• Material for the task:
———
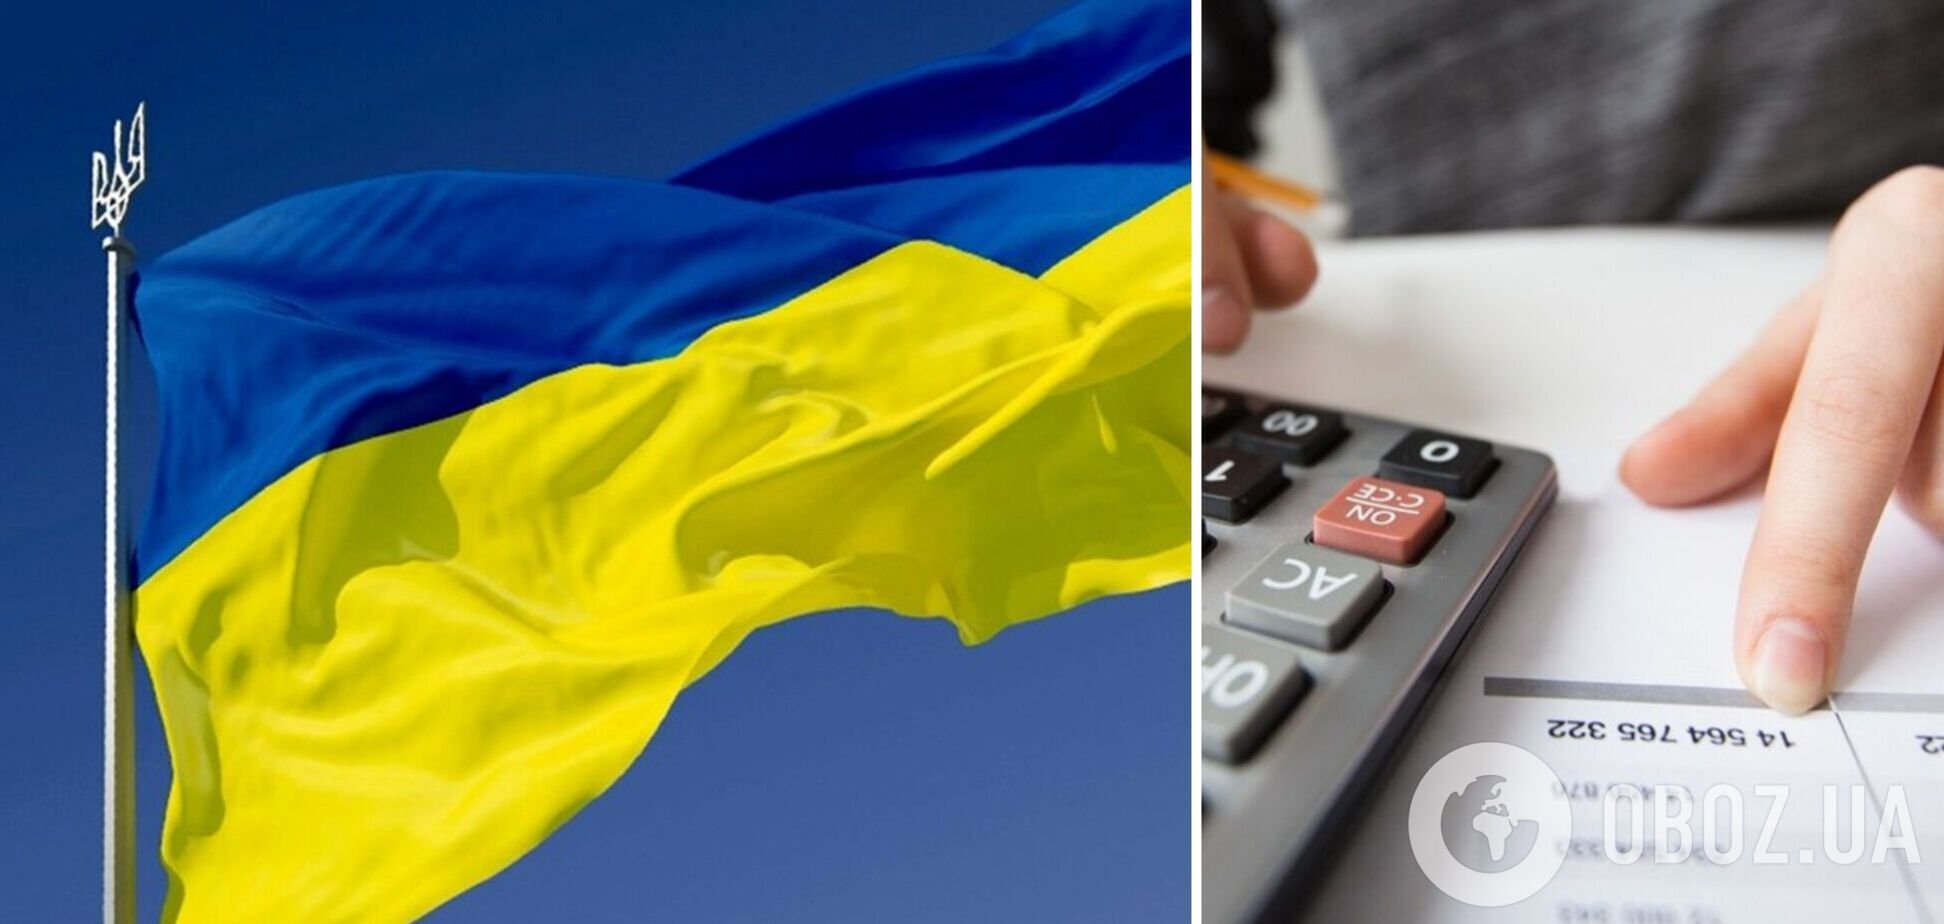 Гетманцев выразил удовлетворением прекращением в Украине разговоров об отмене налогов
———
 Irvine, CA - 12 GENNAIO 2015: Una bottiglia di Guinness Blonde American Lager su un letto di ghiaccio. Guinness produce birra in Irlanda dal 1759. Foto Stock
———
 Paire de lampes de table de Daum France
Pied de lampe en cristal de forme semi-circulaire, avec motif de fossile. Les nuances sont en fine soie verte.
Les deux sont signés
———
In the material above, locate the line containing "Pied de lampe" and the line containing "Les deux sont signés". Transcribe exactly those two lines and every line between them, and nothing more.

• Exercise result:
Pied de lampe en cristal de forme semi-circulaire, avec motif de fossile. Les nuances sont en fine soie verte.
Les deux sont signés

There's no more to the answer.